I am a sucker for minority reports. I love anything that questions the conventional wisdom. As soon as everybody starts to think the same way or have the same perspective, I begin to wonder if we’ve got it all wrong.

rickbarryIt’s for this reason that when I heard that one of my favorite authors, Malcolm Gladwell, was going to be doing a podcast called Revisionist History in which he was going to reinterpret something from the past, I knew I would be in. It’s a 10 part podcast, and my favorite episode has been #3 – The Big Man Can’t Shoot.
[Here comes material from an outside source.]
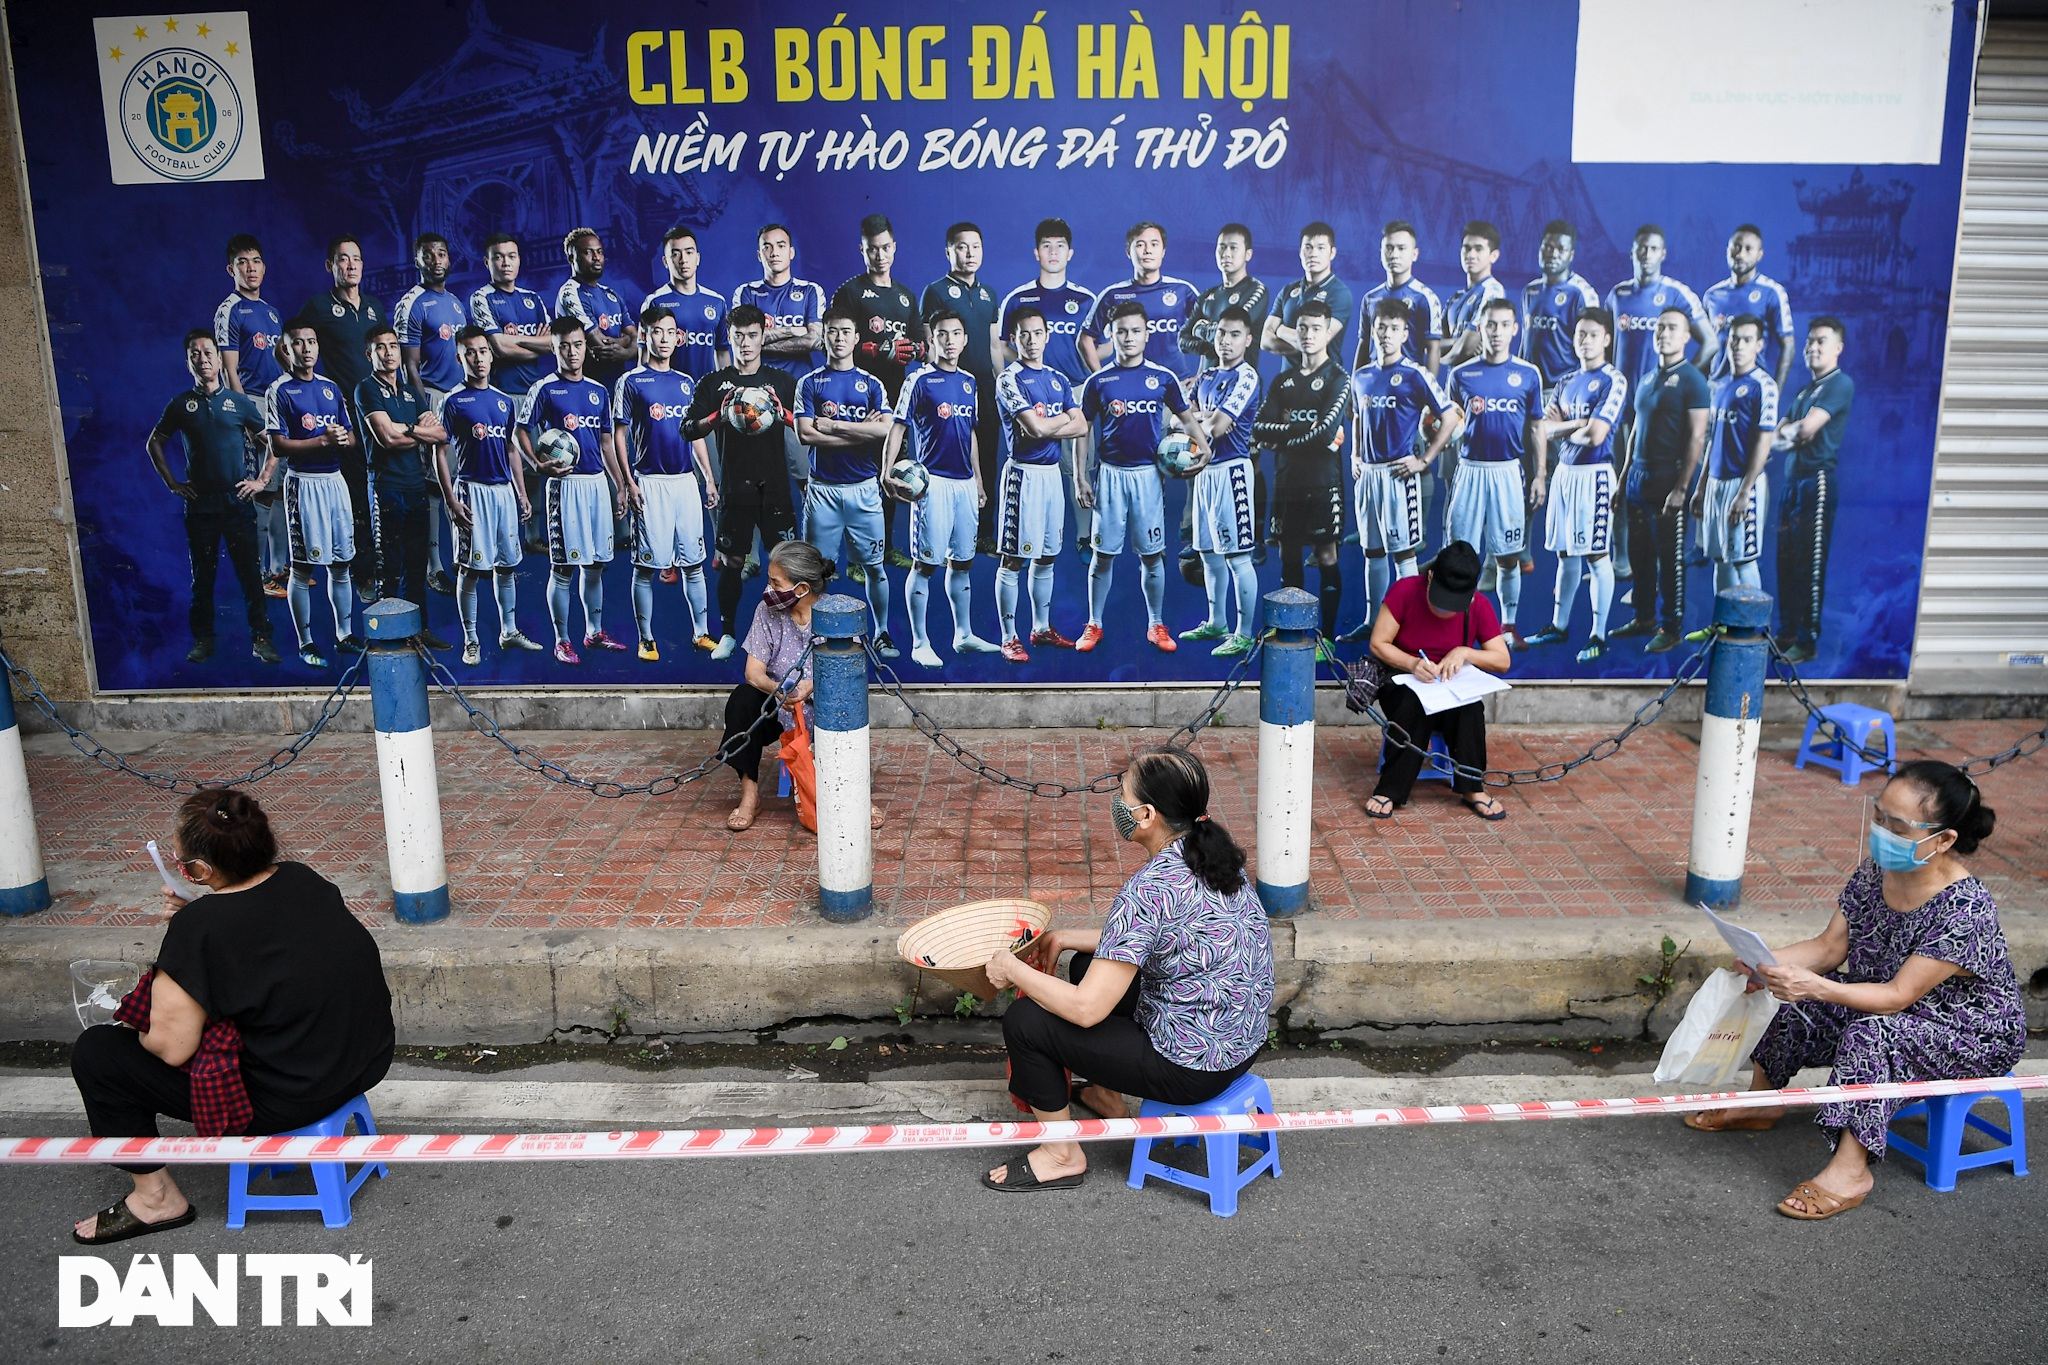 Ảnh: Toàn cảnh Chiến dịch truy vết và phủ vắc xin ngừa Covid-19 tại Hà Nội - 8
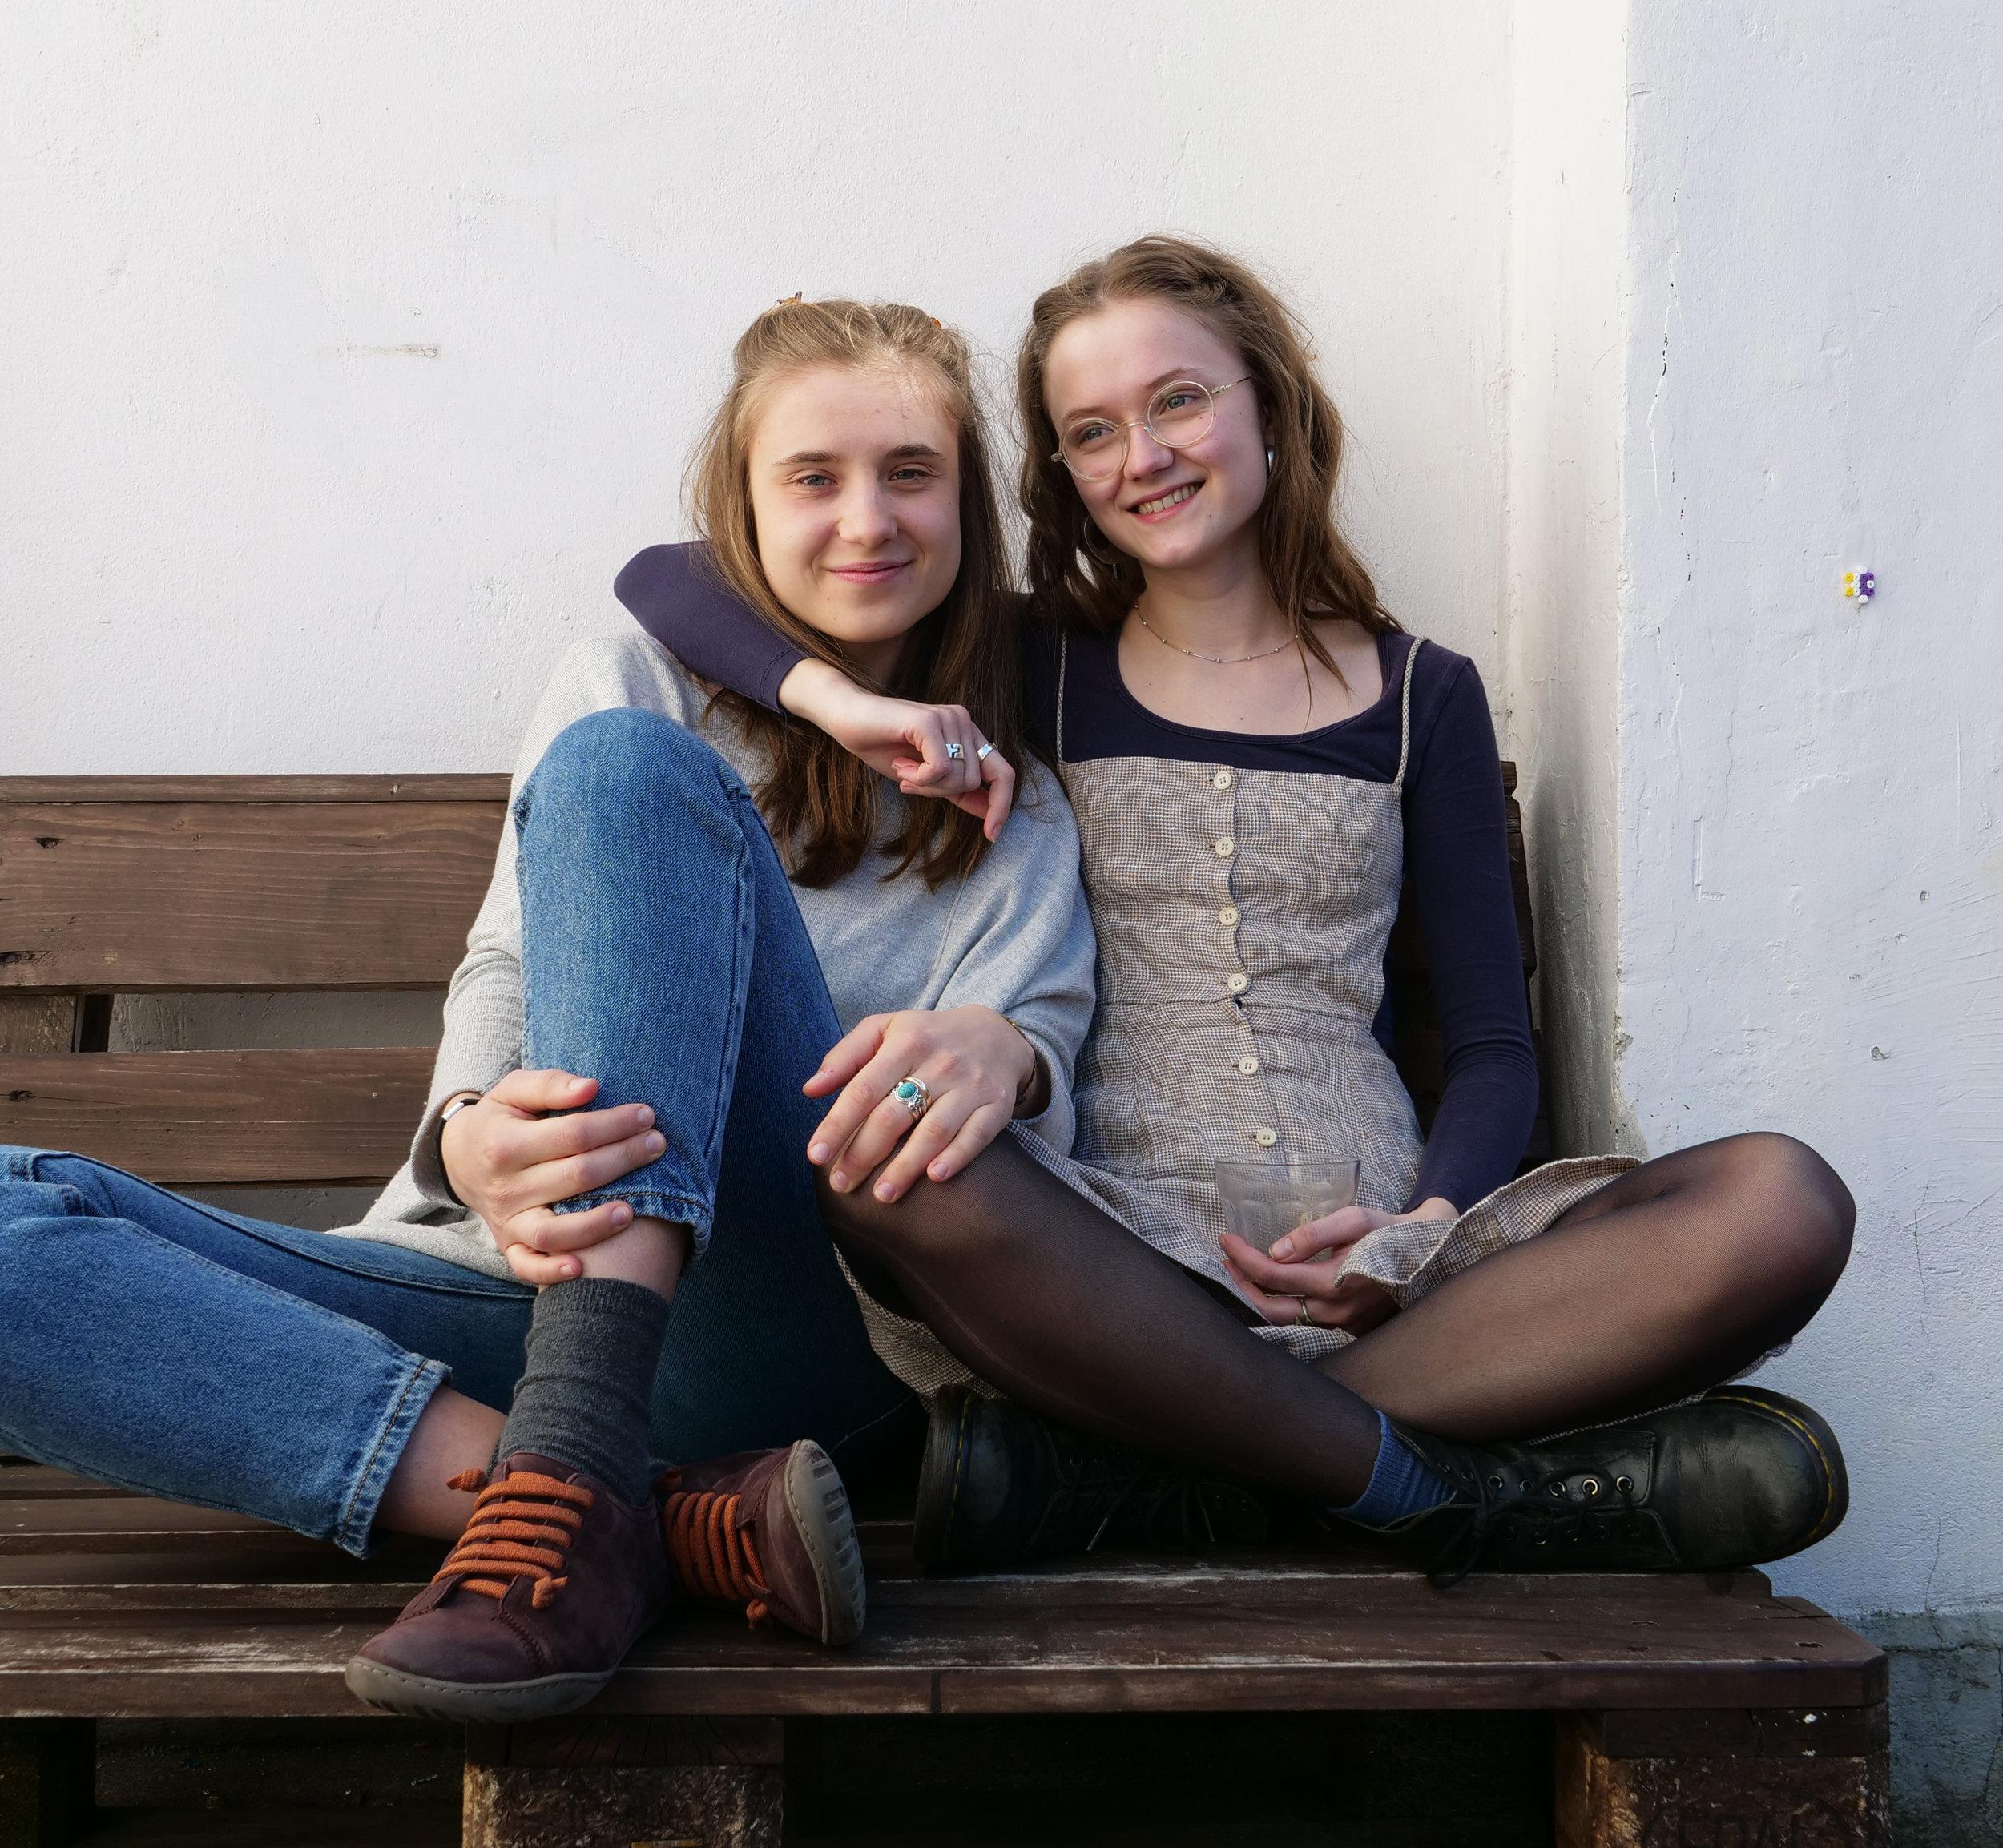 Emilia and Ellen in Trampoline House's garden. Photo: Viktoria Steinhart

The Big Man Can’t Shoot is about taking granny shots – underhanded free throws. They look silly but they are far more effective than overhand shooting from the line. With two notable exceptions – Rick Barry and Wilt Chamberlain (especially in his 100 point game) – nobody shoots this way. Even though it’s better.

In the podcast, Gladwell talks to a sociologist named Mark Granovetter about the Threshold Model of Collective Behavior. The basic idea is that we are all influenced by the behavior of others, but we have different thresholds at which we’re willing to change our behavior. Some people won’t try something new until everyone else is doing it. Other people are early adopters who’s threshold for change is very low. Most of us probably fall somewhere in the middle.


It’s high thresholds that keep good ideas from catching on. 


In sales, we’re trying to get people to change their behavior, to try something new, to adopt a new idea. It might be a new brand or a new strategy or a new system. For us to be effective, we need to figure out the threshold for change that our buyers have.

Some buyers have a low threshold. They want to be innovative. Appeal to how you can put them on the cutting edge, far outpacing their competitors.

Some buyers have a high threshold. They’re going to need to see case studies, proven results, and examples. For these risk averse buyers, you’re going to need to mitigate the fear of change.


To determine a buyer’s threshold, you’ll need to be direct. Here are some questions you can ask to help determine your buyer’s threshold for trying a new idea:

Tell me about a time that you tried something new. How did it go?

Generally speaking, do you (or the company) tend to be open to trying new things?

What holds you back from making a big change in your strategy?


Your idea, your product, your solution is a great one. It’s what everybody should be doing. It works. Just like a granny shot. But it’s not going to catch on until you figure out the thresholds of your buyers and customize your approach to meet them where they are.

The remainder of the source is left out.